Assignment
For the entries that follow, restate word for word the line containing "juwelier kraemer ohrringe", the line containing "webdesign-zahnarzt-kirchwerder-buck-ohm", and every line that lies between them.

The data
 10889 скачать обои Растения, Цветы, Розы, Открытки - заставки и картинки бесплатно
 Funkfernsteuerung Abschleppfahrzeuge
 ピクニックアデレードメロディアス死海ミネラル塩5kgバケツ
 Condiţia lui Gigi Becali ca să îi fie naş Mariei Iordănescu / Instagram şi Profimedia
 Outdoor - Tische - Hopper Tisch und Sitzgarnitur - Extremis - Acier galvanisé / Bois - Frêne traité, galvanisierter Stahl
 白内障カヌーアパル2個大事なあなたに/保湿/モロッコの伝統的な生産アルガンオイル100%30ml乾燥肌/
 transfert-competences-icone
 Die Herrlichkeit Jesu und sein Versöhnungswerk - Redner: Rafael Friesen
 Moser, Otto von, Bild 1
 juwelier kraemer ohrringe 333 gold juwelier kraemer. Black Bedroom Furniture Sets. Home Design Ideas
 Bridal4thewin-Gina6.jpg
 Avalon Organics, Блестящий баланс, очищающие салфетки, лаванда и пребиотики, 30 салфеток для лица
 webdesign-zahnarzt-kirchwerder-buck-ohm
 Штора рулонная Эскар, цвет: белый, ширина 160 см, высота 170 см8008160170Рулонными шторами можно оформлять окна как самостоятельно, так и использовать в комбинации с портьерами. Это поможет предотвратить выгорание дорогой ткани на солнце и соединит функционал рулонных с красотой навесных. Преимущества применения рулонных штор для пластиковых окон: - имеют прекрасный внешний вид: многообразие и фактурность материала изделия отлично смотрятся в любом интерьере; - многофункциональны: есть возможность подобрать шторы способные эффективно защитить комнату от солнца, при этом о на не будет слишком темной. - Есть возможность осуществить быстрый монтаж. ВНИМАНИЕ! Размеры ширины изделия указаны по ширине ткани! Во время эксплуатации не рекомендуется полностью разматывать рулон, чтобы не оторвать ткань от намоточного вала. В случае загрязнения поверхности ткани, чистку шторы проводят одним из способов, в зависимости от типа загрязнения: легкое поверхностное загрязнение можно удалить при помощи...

Response
 juwelier kraemer ohrringe 333 gold juwelier kraemer. Black Bedroom Furniture Sets. Home Design Ideas
 Bridal4thewin-Gina6.jpg
 Avalon Organics, Блестящий баланс, очищающие салфетки, лаванда и пребиотики, 30 салфеток для лица
 webdesign-zahnarzt-kirchwerder-buck-ohm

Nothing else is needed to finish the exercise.